» **DATA TO EXAMINE**:
——————————
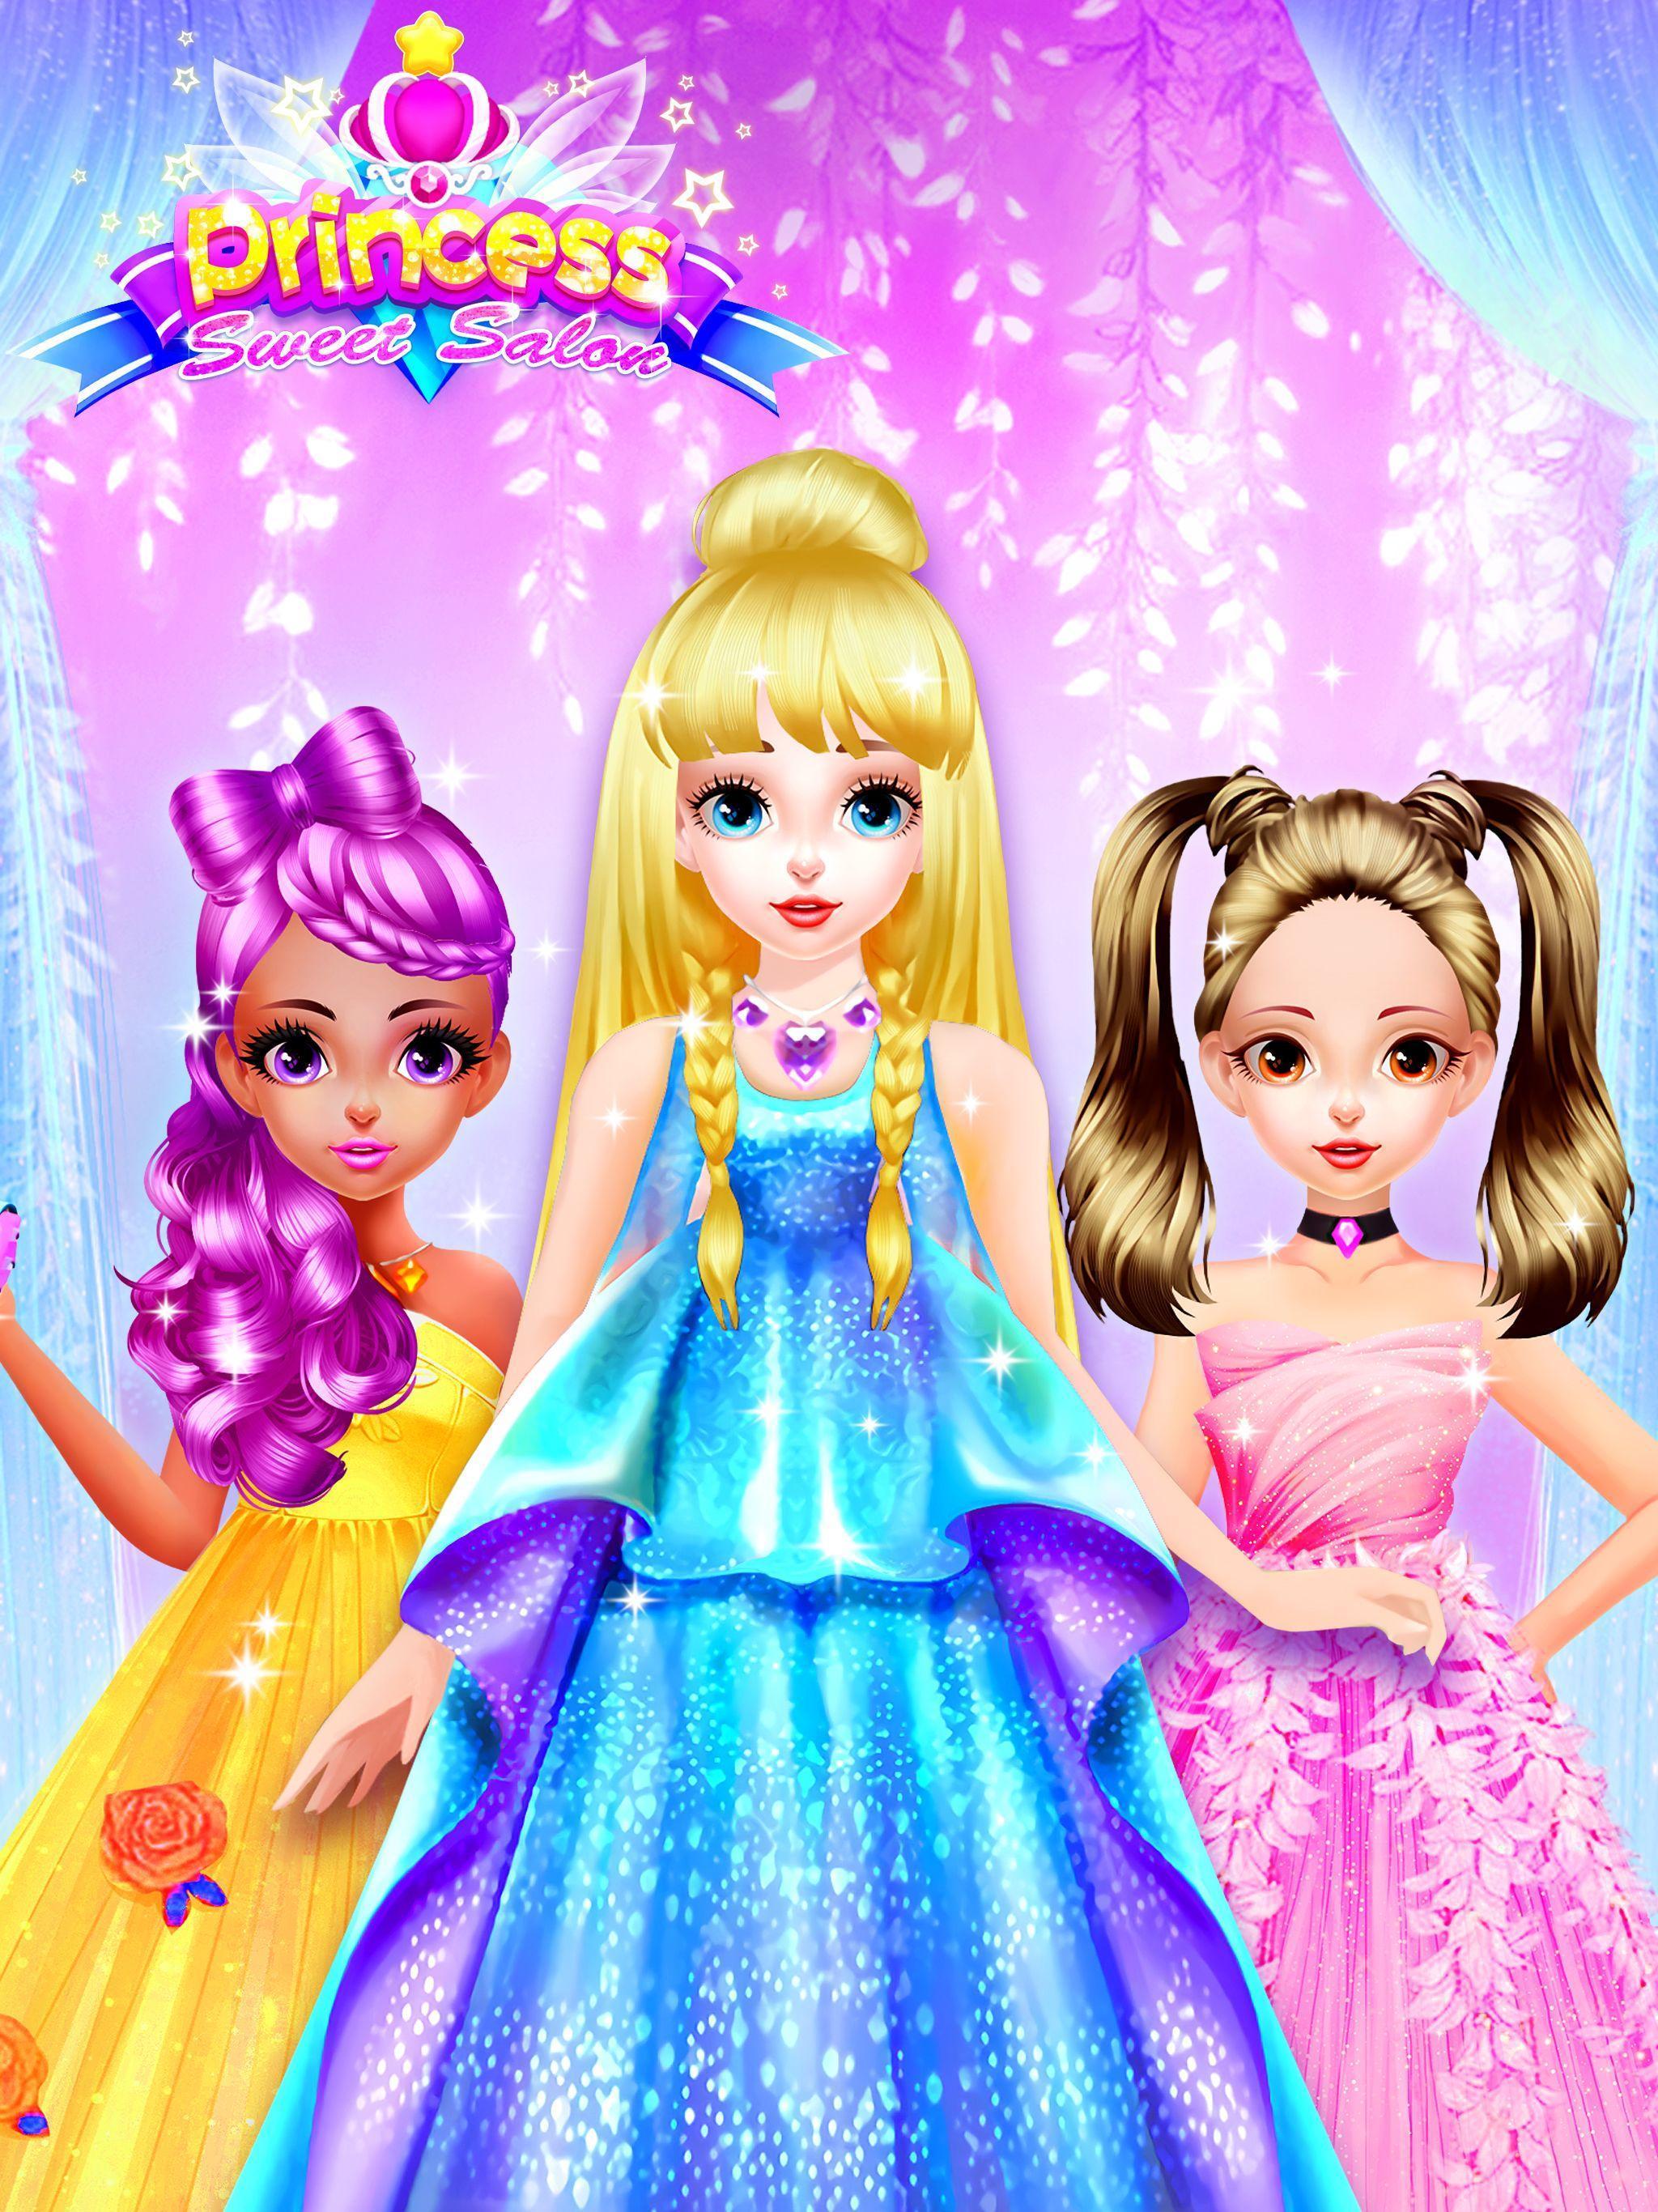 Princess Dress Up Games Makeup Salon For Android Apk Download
——————————
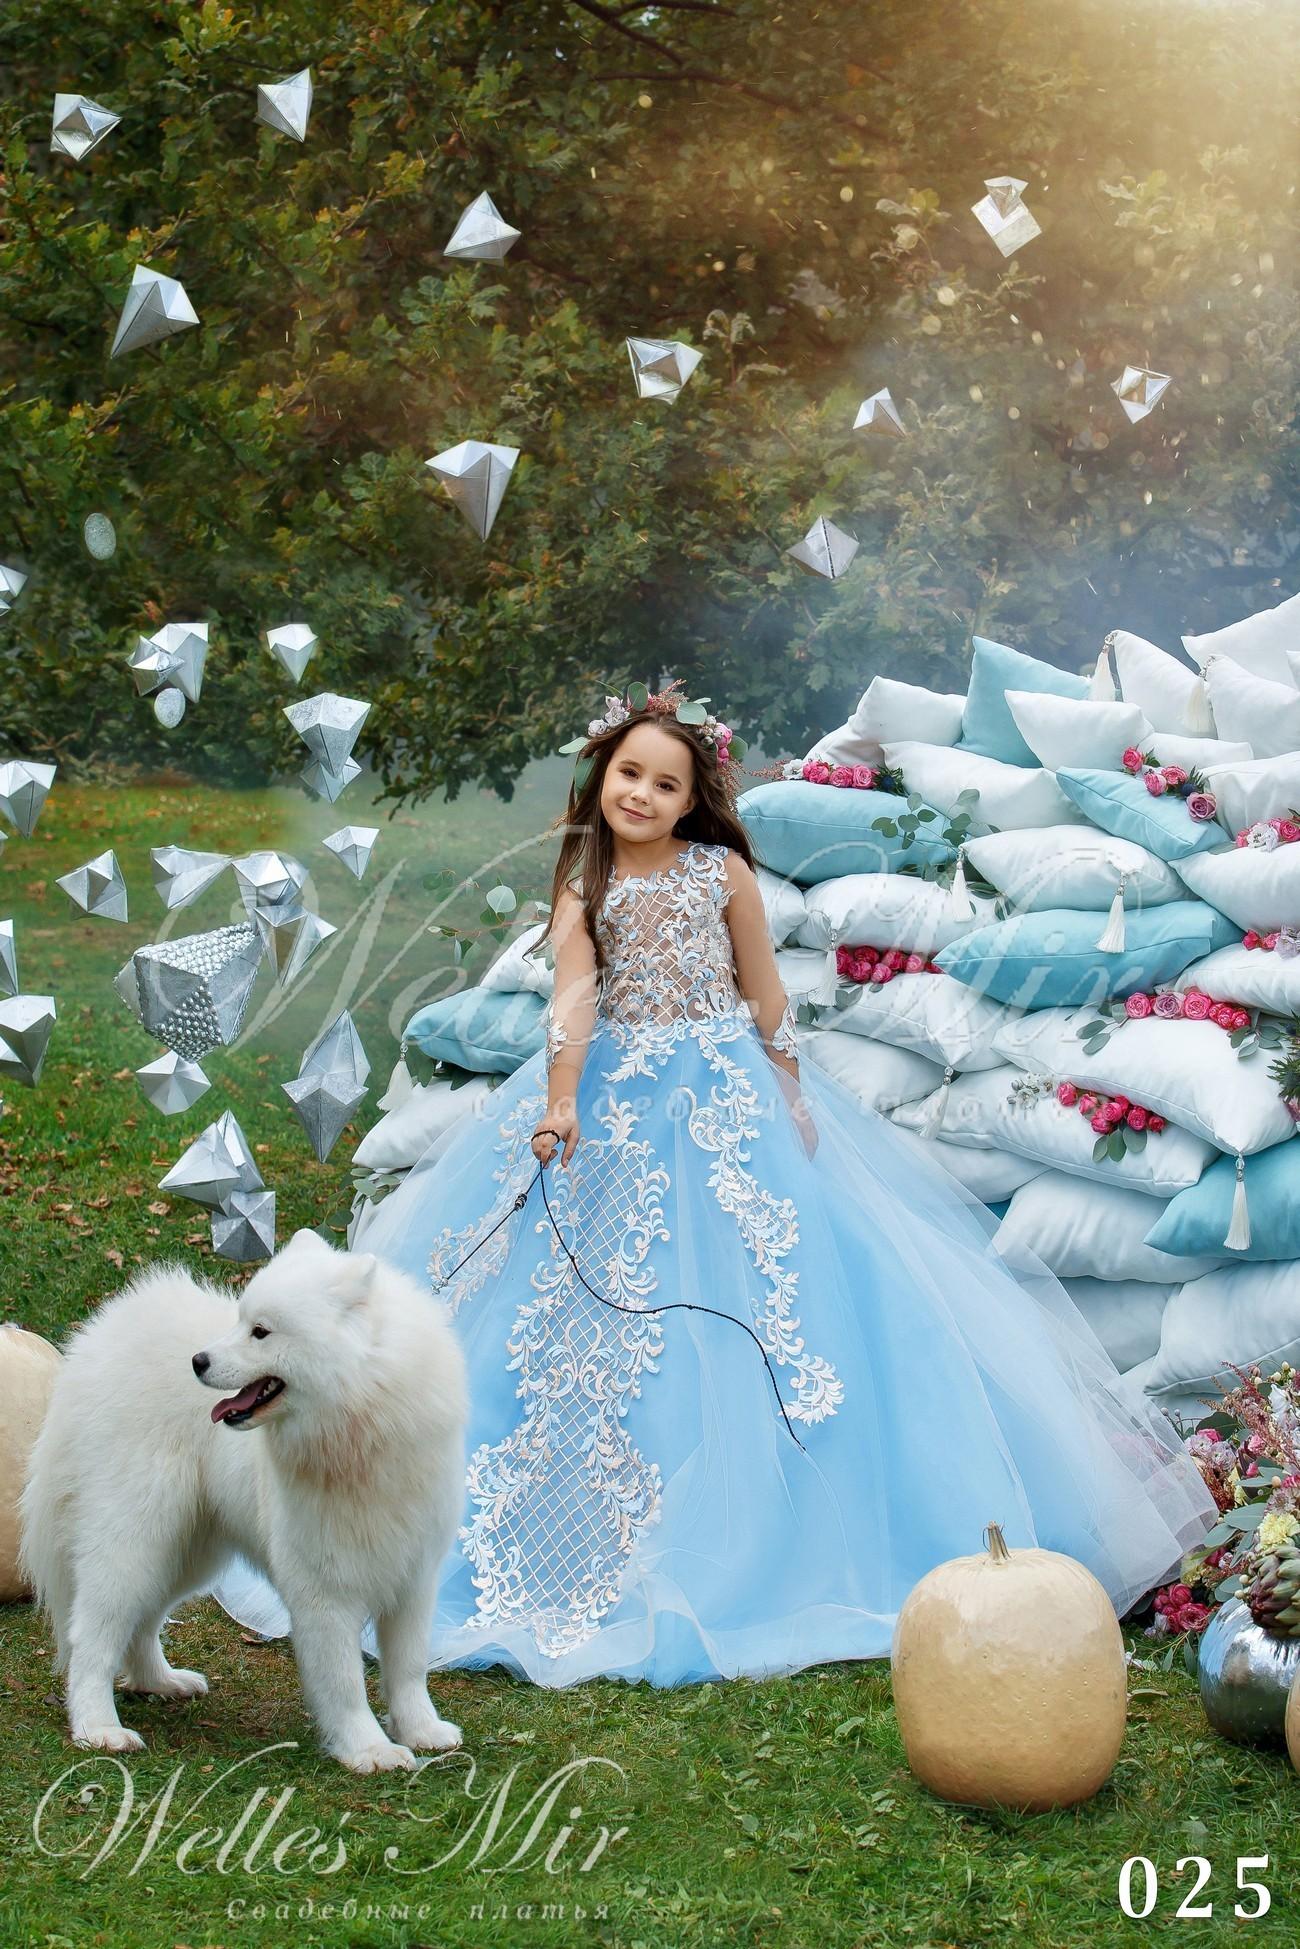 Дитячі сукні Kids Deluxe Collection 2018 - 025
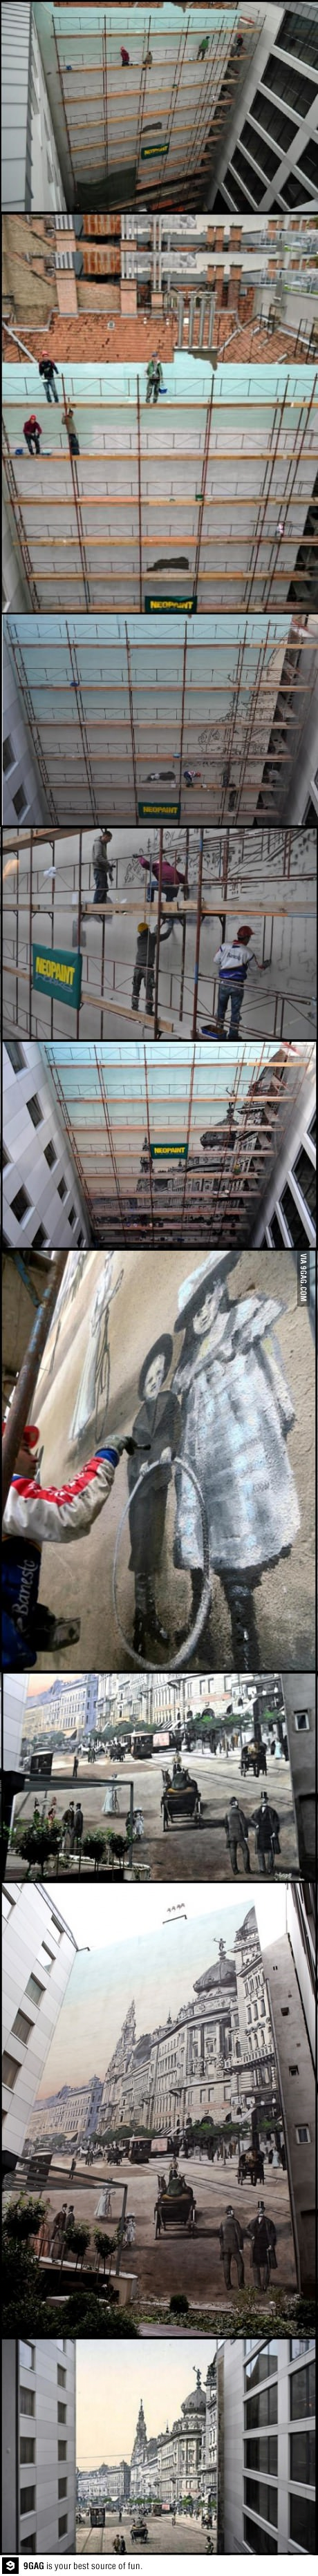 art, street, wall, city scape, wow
——————————
Range to copy from the listing above: the line containing "Дитячі сукні Kids" down to the line containing "art, street, wall, city scape, wow", both included. Reproduce it exactly, minus the pictures, and add nothing.

 Дитячі сукні Kids Deluxe Collection 2018 - 025
 art, street, wall, city scape, wow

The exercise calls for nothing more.